WORK TO BE COMPLETED:
Taking the entries below, transcribe only the lines starting with the one with "Detailaufnahme des Sichtbodens" and going on through the one with "寿桃 水果 蛋糕 创意蛋糕 蛋糕模型 蛋糕元素 节日蛋糕 卡通蛋糕 美味蛋糕 奶油", exactly as written, without the pictures.

(WORKING DATA)

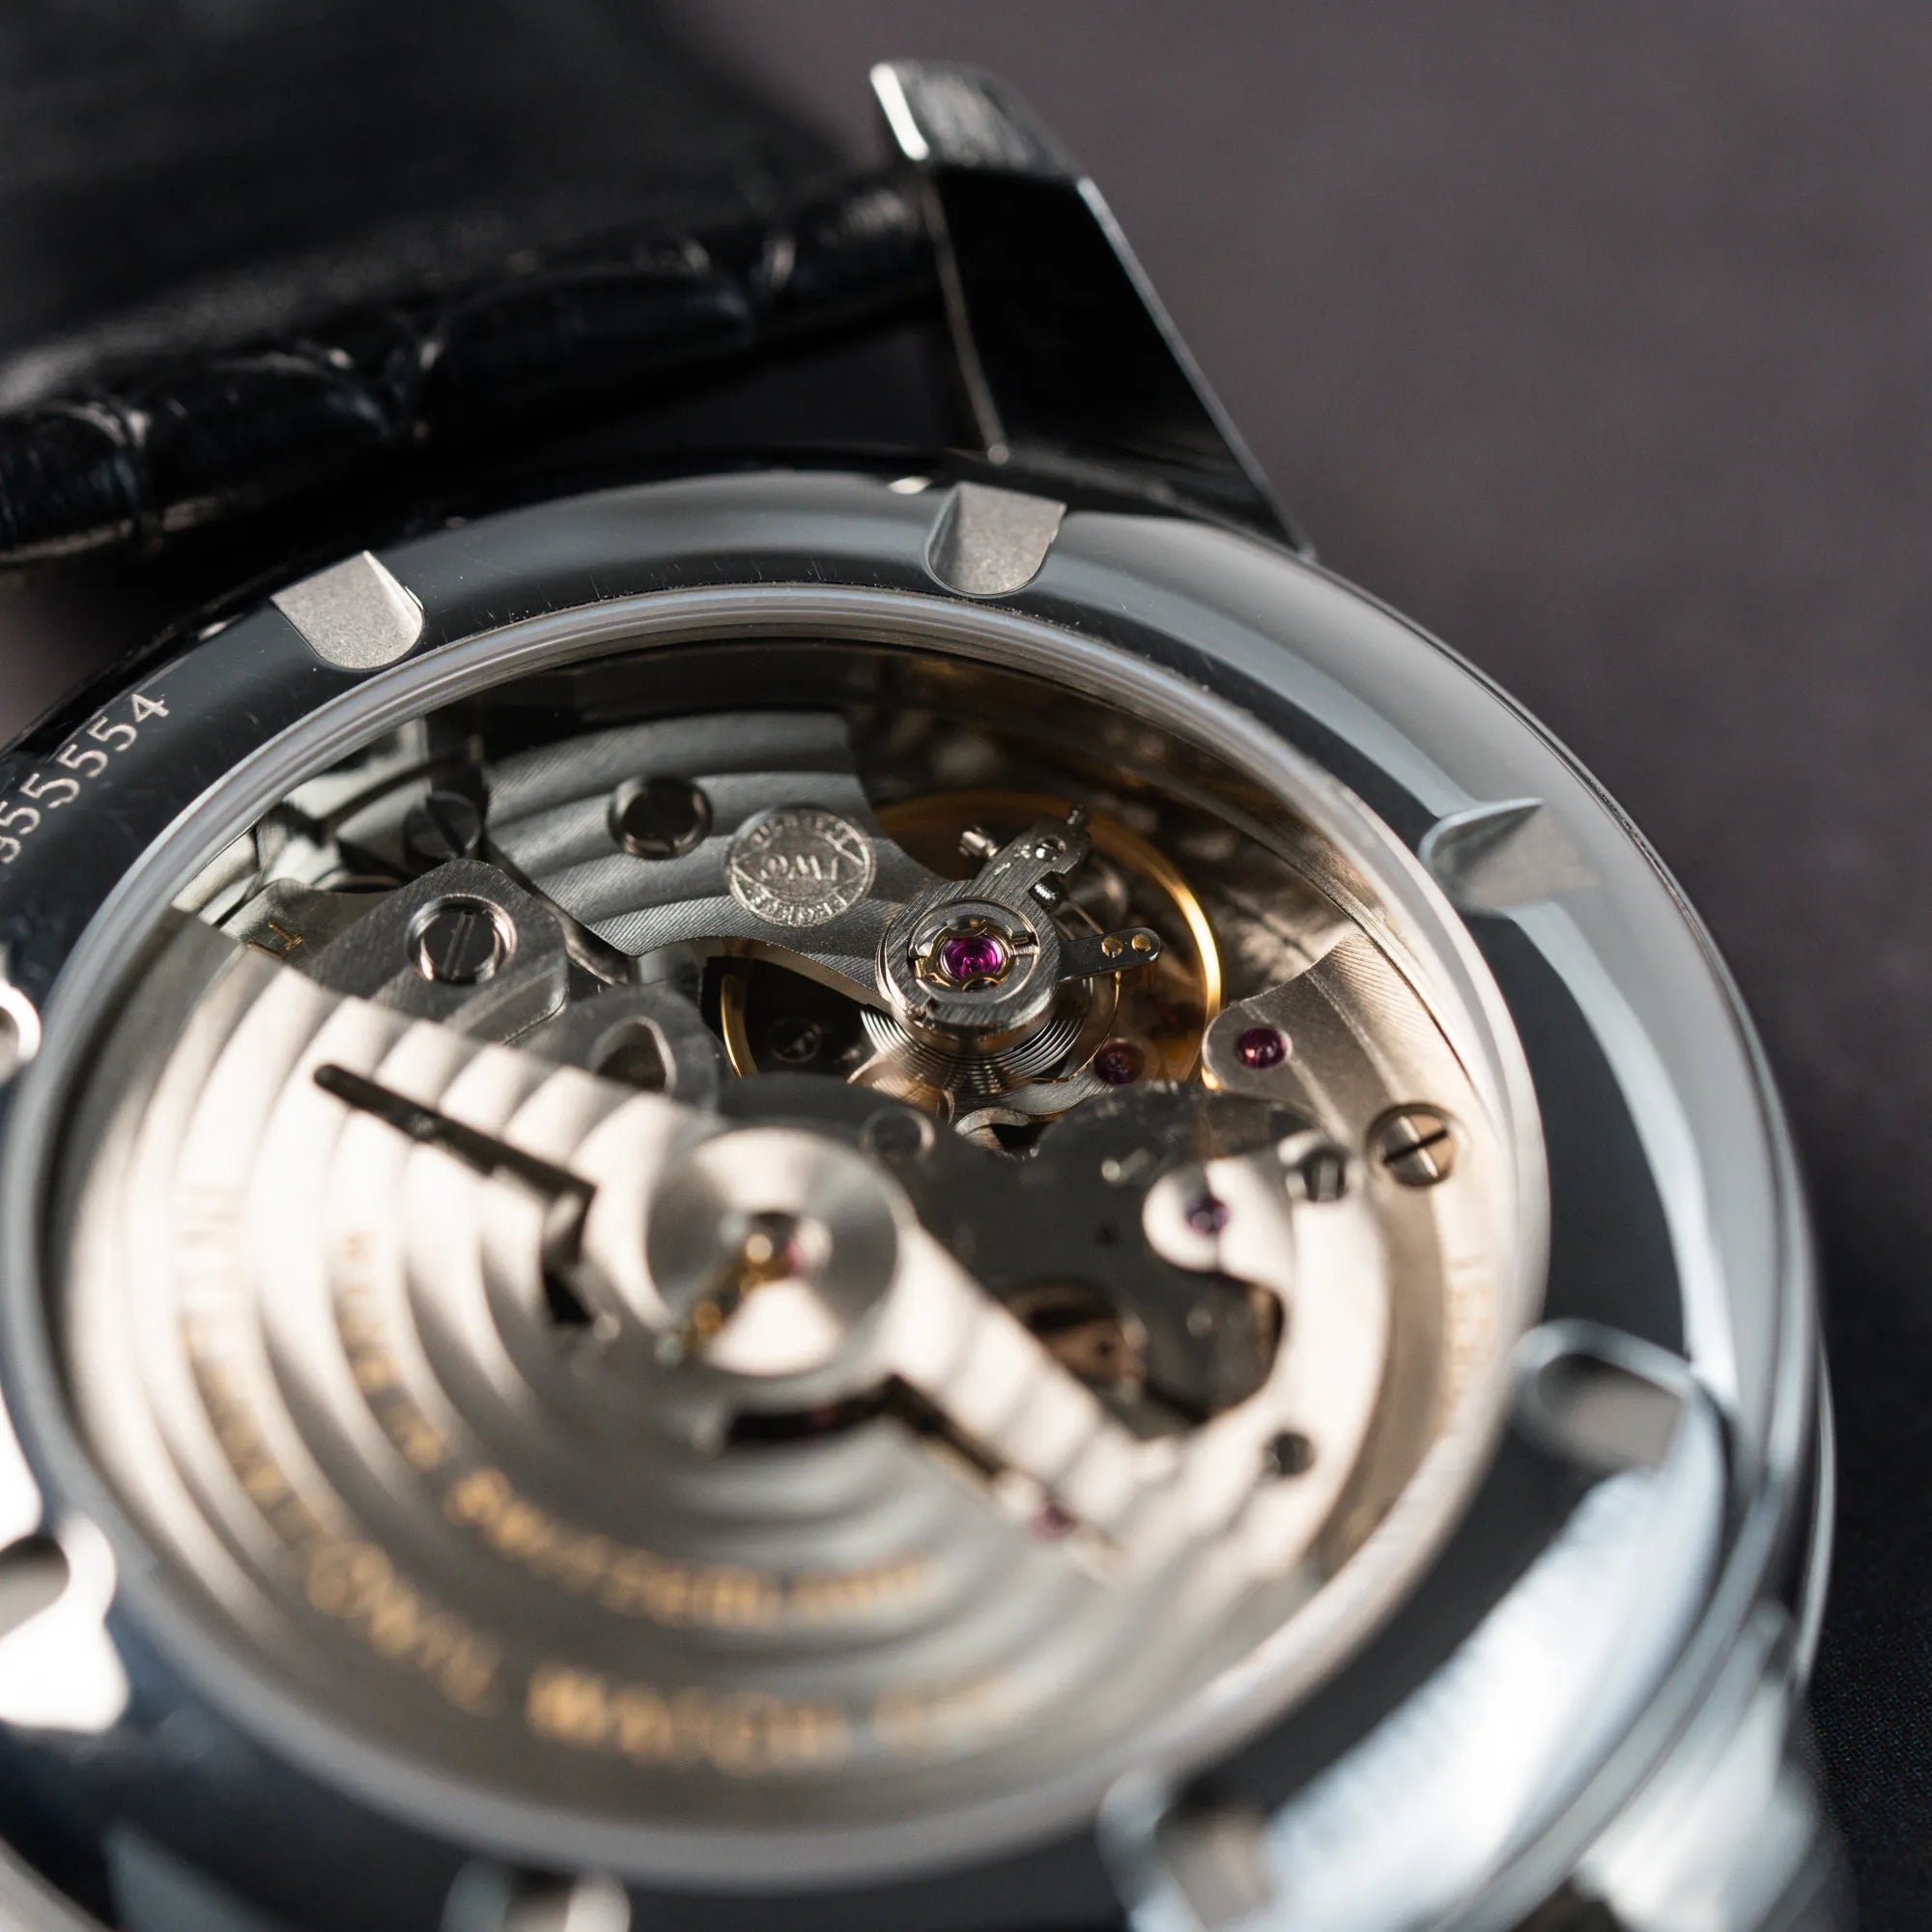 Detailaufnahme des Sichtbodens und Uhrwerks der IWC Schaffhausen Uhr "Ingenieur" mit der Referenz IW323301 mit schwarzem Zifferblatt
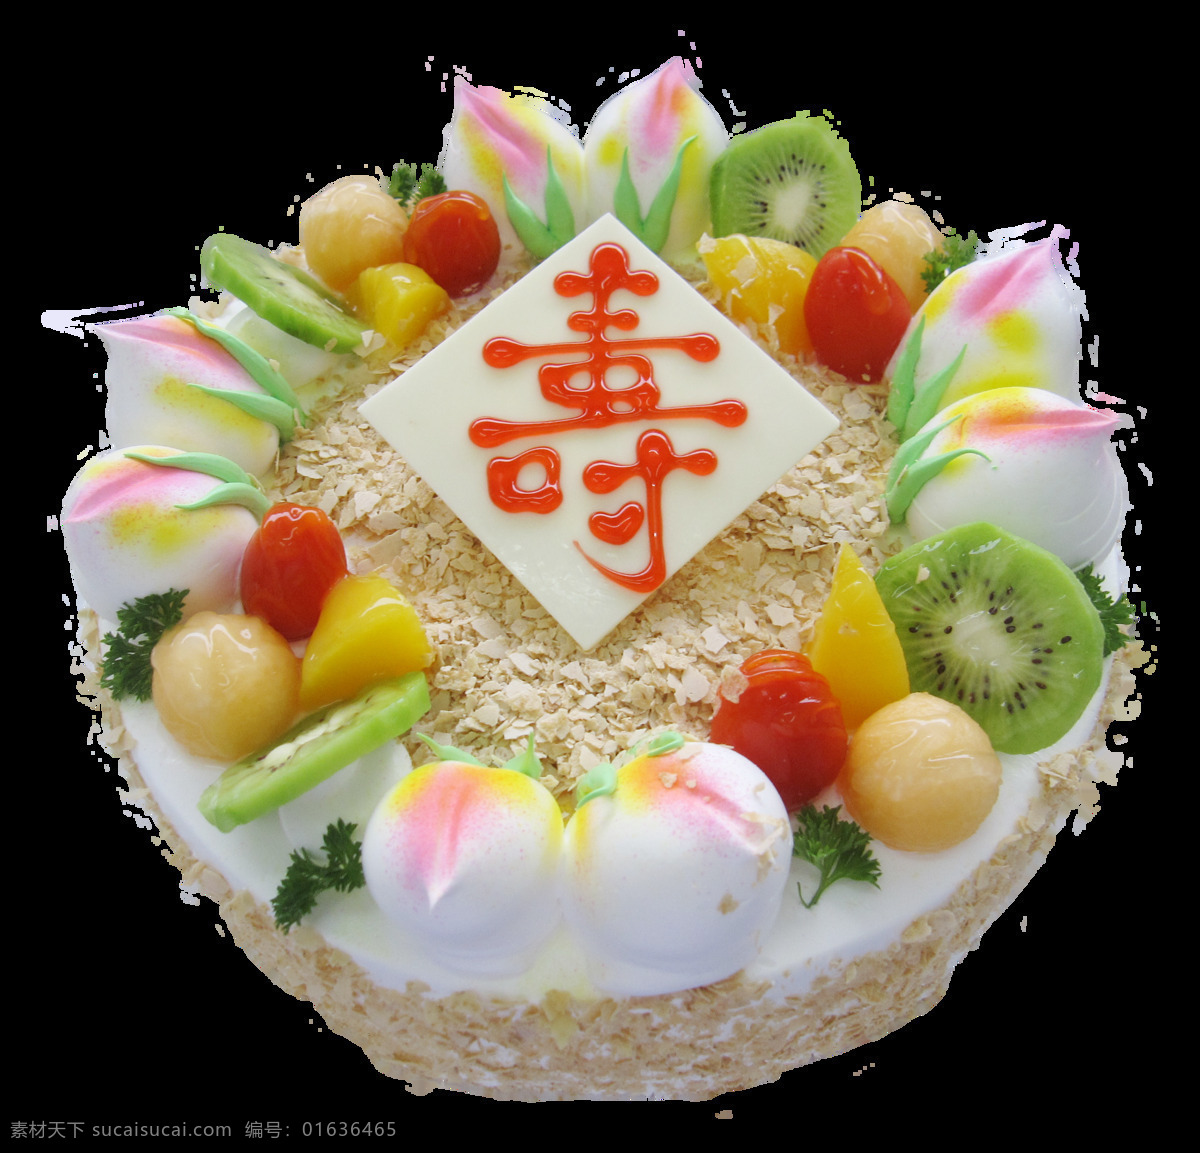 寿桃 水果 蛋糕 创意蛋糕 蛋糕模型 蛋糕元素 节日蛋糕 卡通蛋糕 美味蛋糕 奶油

(End WORKING DATA)
(WORKING DATA)

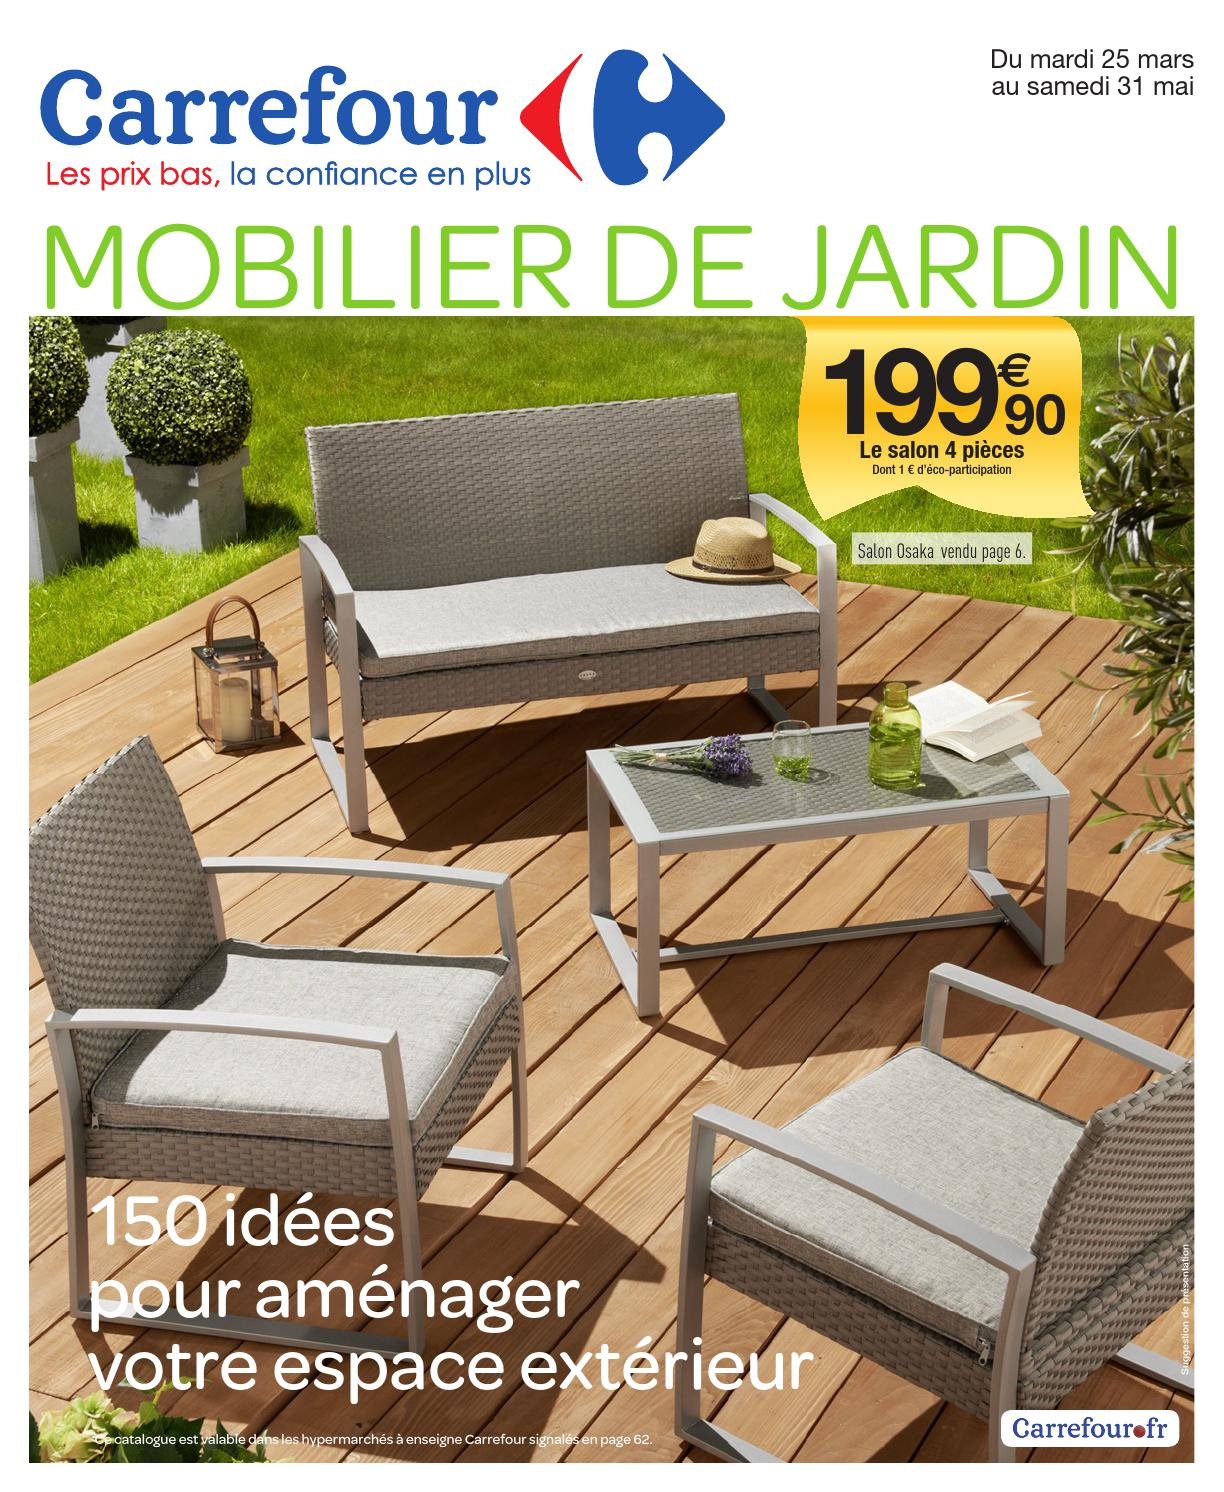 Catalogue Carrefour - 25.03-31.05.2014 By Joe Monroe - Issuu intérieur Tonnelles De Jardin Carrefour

(End WORKING DATA)

SOLUTION BELOW:
 Detailaufnahme des Sichtbodens und Uhrwerks der IWC Schaffhausen Uhr "Ingenieur" mit der Referenz IW323301 mit schwarzem Zifferblatt
 寿桃 水果 蛋糕 创意蛋糕 蛋糕模型 蛋糕元素 节日蛋糕 卡通蛋糕 美味蛋糕 奶油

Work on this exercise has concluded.